What possessed the Biden-Harris campaign to approach their victory as a foregone conclusion may never be known: it seems, at any rate, to have been a tight operation, unlikely to extrude the usual mass of memoirs. Kamala Harris might have been supposed to have marred her chances by the one-liner with which she tried to sink Biden’s candidacy in an early debate. Biden was not a racist, she allowed, but he had taken a reactionary stand against the school busing that brought black students into predominantly white neighbourhoods; and, from her personal experience, she knew that it was wrong to oppose busing: ‘That little girl was me.’ (T-shirts blazoned with ‘That little girl was me’ were being sold online just hours after Harris uttered the remark.) As attorney general of California before she was elected to the Senate, Harris was a rigorous prosecutor, with a respectable haul of drug convictions for small offences, and no reputation for leniency. More recently, she positioned herself on the cultural left of the party; and on 1 November, the Biden-Harris campaign posted a fifty-second ad in which, helped by a cartoon of two boys climbing a hill, she explains the difference between equality (‘equal opportunity’ backed by non-discrimination laws) and ‘equity’ (the equal finish that is assured by a truly equal start). The Biden-Harris combination must have been meant to assure voters of several kinds of diversity: age, sex, race. The two go together more plainly in having never ventured far from the consensus of their party in their generations.

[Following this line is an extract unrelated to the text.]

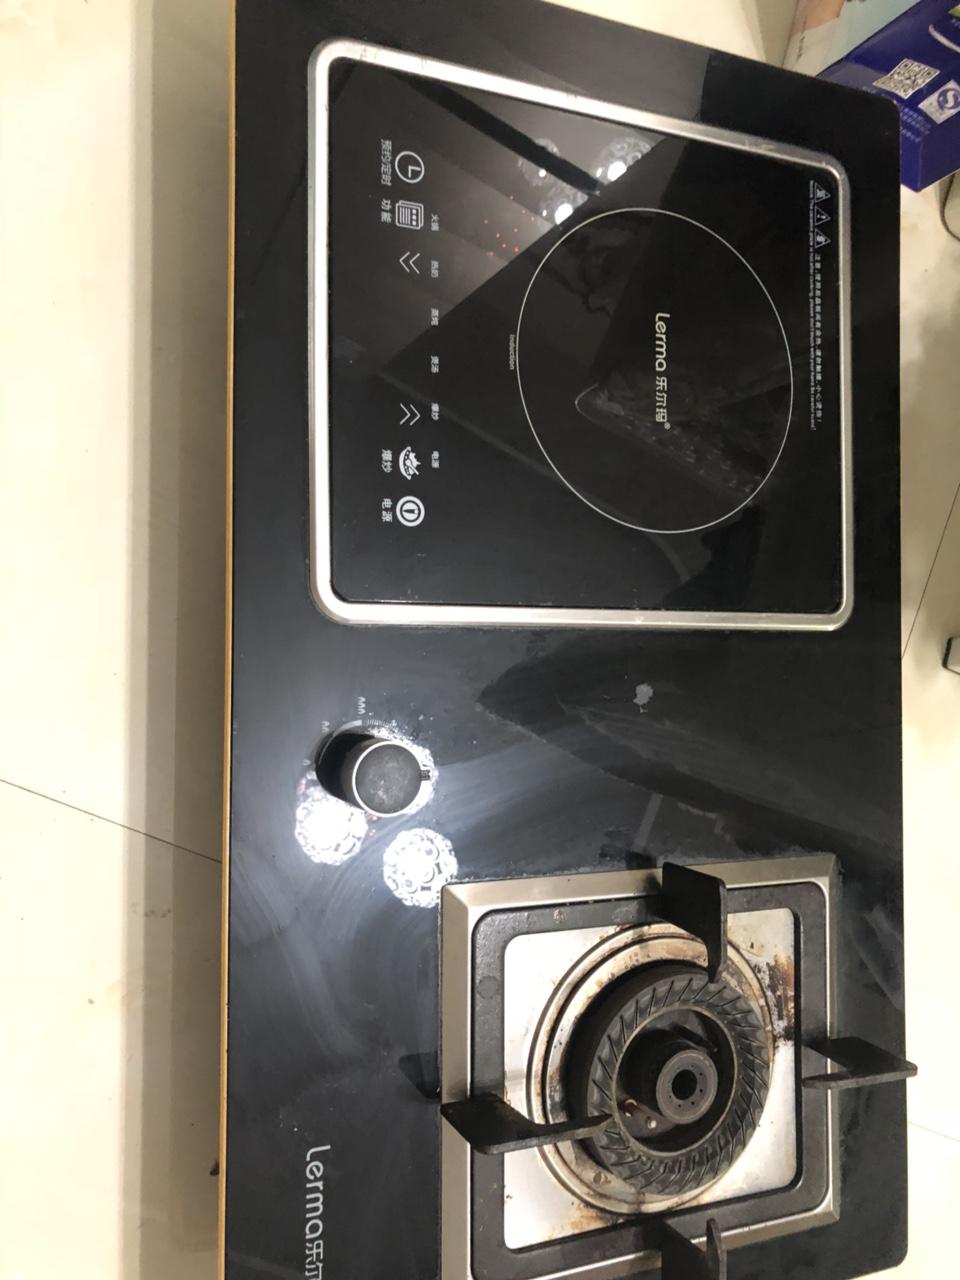 乐尔玛炉盘燃气电磁炉,9成新,用了不到半年,很爱惜,搬家甩卖,成心要的来。左边电磁炉,可拆卸,吃火锅...

Trump is always Trump: a supremely selfish and reckless tycoon who seemed an unimaginable fit for public office when he ran in 2016. Undoubtedly, he expected to lose; entering the presidential race had been a publicity gimmick like any other; but Trump throws himself into a relentless salesman’s posture for whatever product he happens to be selling. The Democrats made the mistake of assuming that his vulgarity and ignorance were self-evident: the voters had only to see them to know he was unfit for the presidency. This year, they made the same mistake, and they came eerily close to a second disaster. Biden-Harris lost Florida, where they could have clinched a victory early on election night. They also lost Ohio. The races in Pennsylvania, Georgia, North Carolina, Nevada and Arizona remained for days too close to call. None of this was expected; the opinion polls, with the same near unanimity they showed for Hillary Clinton, led every insider to expect a happier result. Still, it looks as if the Democrats will one way or another secure the presidency this time; and they have kept their majority in the House of Representatives, though they won’t gain control of the Senate.

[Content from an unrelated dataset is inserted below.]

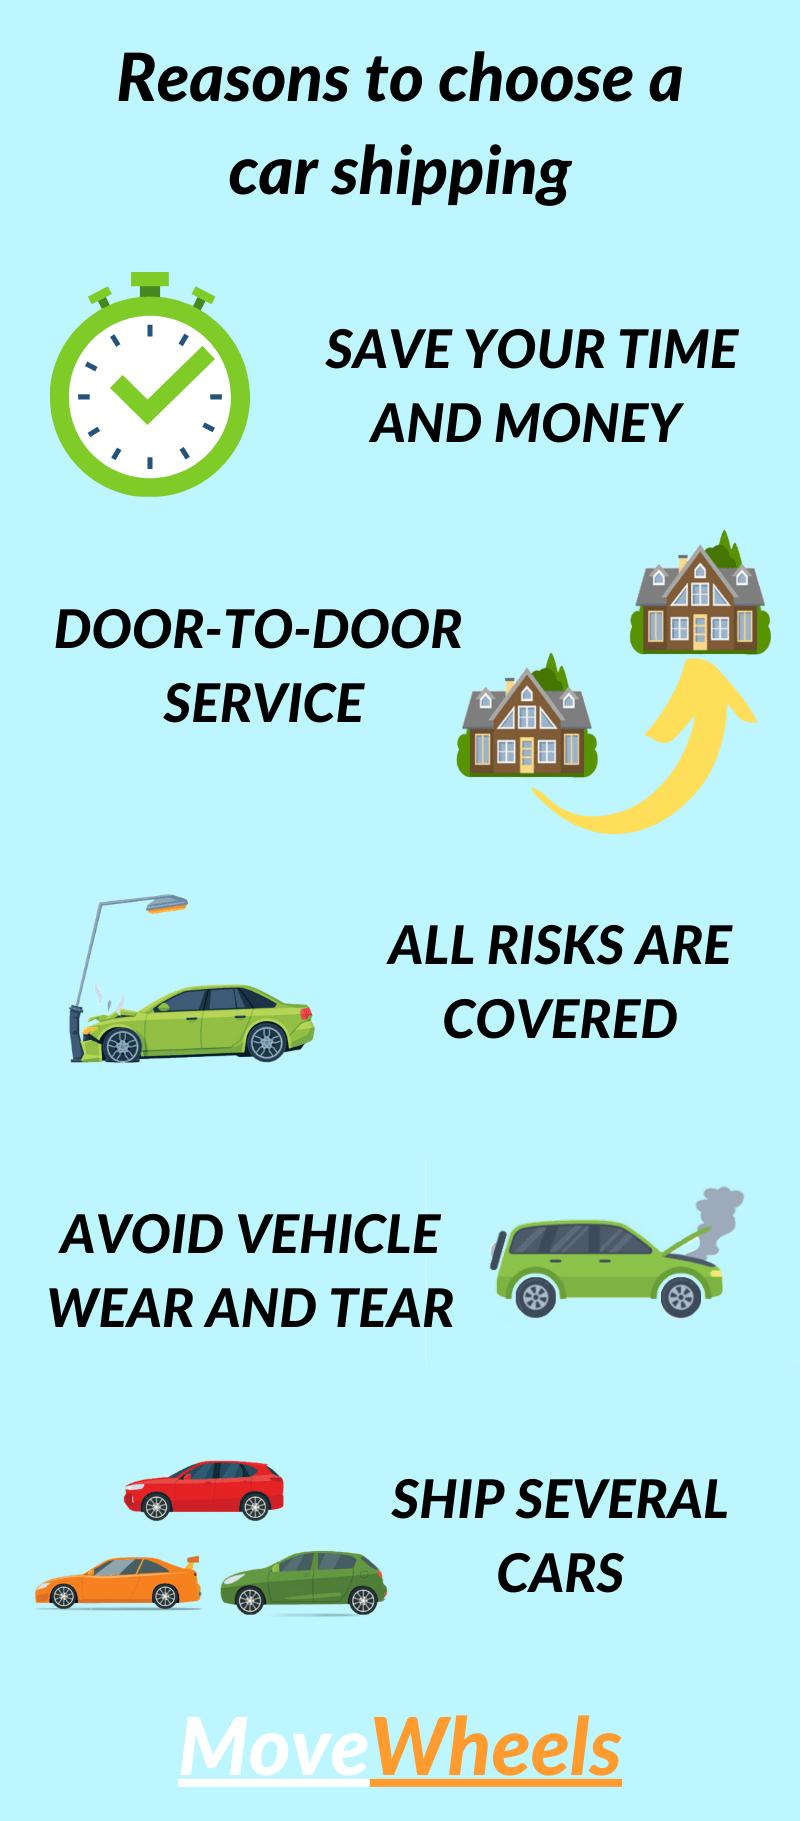 Reasons to choose car shipping

At a rally in Pennsylvania last month, Trump made a pathetic appeal to ‘suburban women’ to ‘please like me.’ Why? Because he was the one who would protect their suburbs from housing projects and the attendant crime and loss of market value: ‘I am happy to inform all of the people living their Suburban Lifestyle Dream,’ he said in a July rally, ‘that you will no longer be bothered or financially hurt by having low-income housing built in your neighbourhood.’ The pitch to the suburbs was also a way of calling to mind the urban riots that followed the police killing of George Floyd last summer. These outbreaks – euphemistically referred to as ‘unrest’ by the liberal press – were recurrent in Minneapolis, Austin, Philadelphia, New York City, Los Angeles, Oakland, Louisville, Chicago, Washington DC, Atlanta, Seattle and Portland. They must have contributed to the high Republican turnout that blunted the Biden-Harris triumph on 3 November.

Trump had all along been planning to run as the president who restored full health to the economy after the financial collapse of 2007-8. Covid-19 forced his hand. Since the Democrats were running once again as not-Trump, responsible mask-wearers in a time of pandemic that had already killed more than 200,000 Americans on Trump’s failed watch, he would run as the man who doesn’t hate America. He tested positive for the virus on 1 October, but got over it fast with the help of an experimental drug cocktail (which he promised all Americans would be offered very soon). He immediately resumed his mass rallies, giving confused and contradictory advice about mask-wearing.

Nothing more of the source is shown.